Background… he left at 23 or so and never looked back, graduated college and got a great career started. Every time we visit his family, he wines and dines them, picking up the check, buying presents, etc. So it makes sense that the more he thinks about it, the more lavish and large he wants it to be. He’s very (and I mean this in the nicest possible way) into his image. I mean, we drive a new car, have a large home, and my wedding set is 3.5 cts. He’s very generous and very proud that he has succeeded (his siblings work in fast food and have since high school, they’re all in their 30s).
We’ve been together more than 2 years and have lived together over a year. We aren’t rushing into it, we’ll have been together 3 years by the time we get married. I think that we both really have different ideas about what a wedding fundamentally is. I think it’s a celebration of our love and our relationship, he thinks it’s a celebration to be shared with family, friends, neighbors, etc. I’m very very very budget-conscious (by career I am a budget manager, no joke), whereas he feels this is an occasion to splurge.
I’m hoping to get the lines of communication open… Send some positive vibes bees 🙂
Post # 9
My FI will only have 7 family members out of our guest list of ~85. There are many more friends/family on my side that I could invite, but choose not to because I do not want to overwhelm his side of the wedding any more than it already is. He is perfectly fine with how our guest list is right now.
Your FI should have more compassion towards your half of the wedding and take steps not to completely dilute their presence. There is some compromise that I feel should happen on his part in this situation. Good luck, girly!
Post # 10
The background you gave makes alot of sense. Maybe if you sit down and really discuss what matters to you both, he can see that he can still “show off” (not meant negatively) with a smaller, classy wedding. Besides, it’s 5 hours of your lives, and the most important part is when you vow to be together before god and others forever!
A suggestion I saw done by a colleague: She came from a small town where everyone knew eachother.
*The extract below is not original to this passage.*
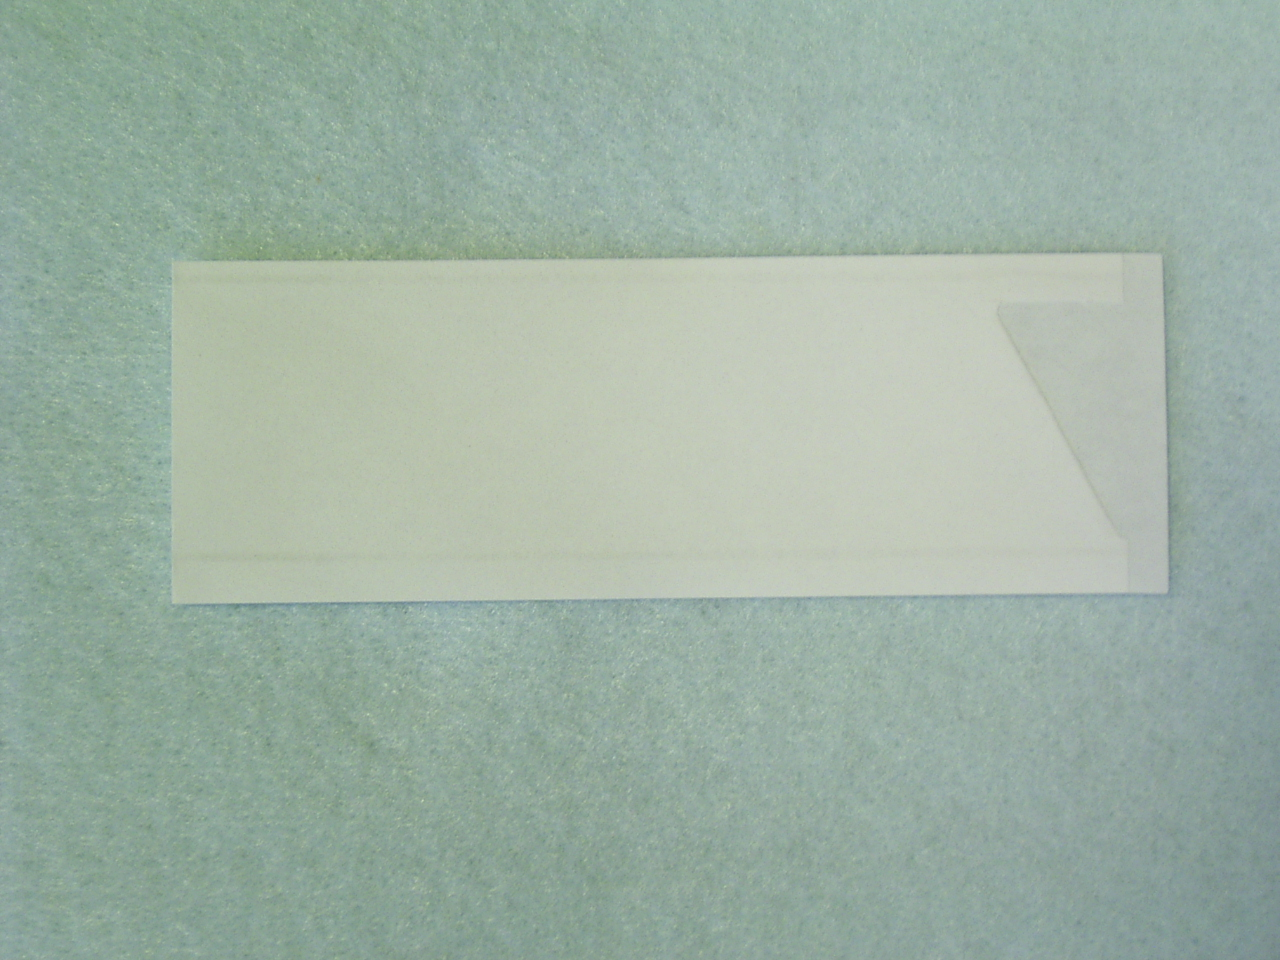 箸袋 S32 白無地(上質紙) 32×90mm 10,000枚

Very hard to have a wedding that if everyone wasn’t invited, people would take offense. Her solution was everyone was invited to church, immediately following was cake and champagne, about and hour or so, then a small full reception for close friends and family only. It worked great for her!! She got a chance to have those who saw her grow up be at the wedding, again the important part, and then her dream reception followed later. Many churches have a room that will accomodate cake-hours’dourves-champagne immediately following the ceremony.
Might be a great way to make everyone happy! Good luck…positive vibes your way.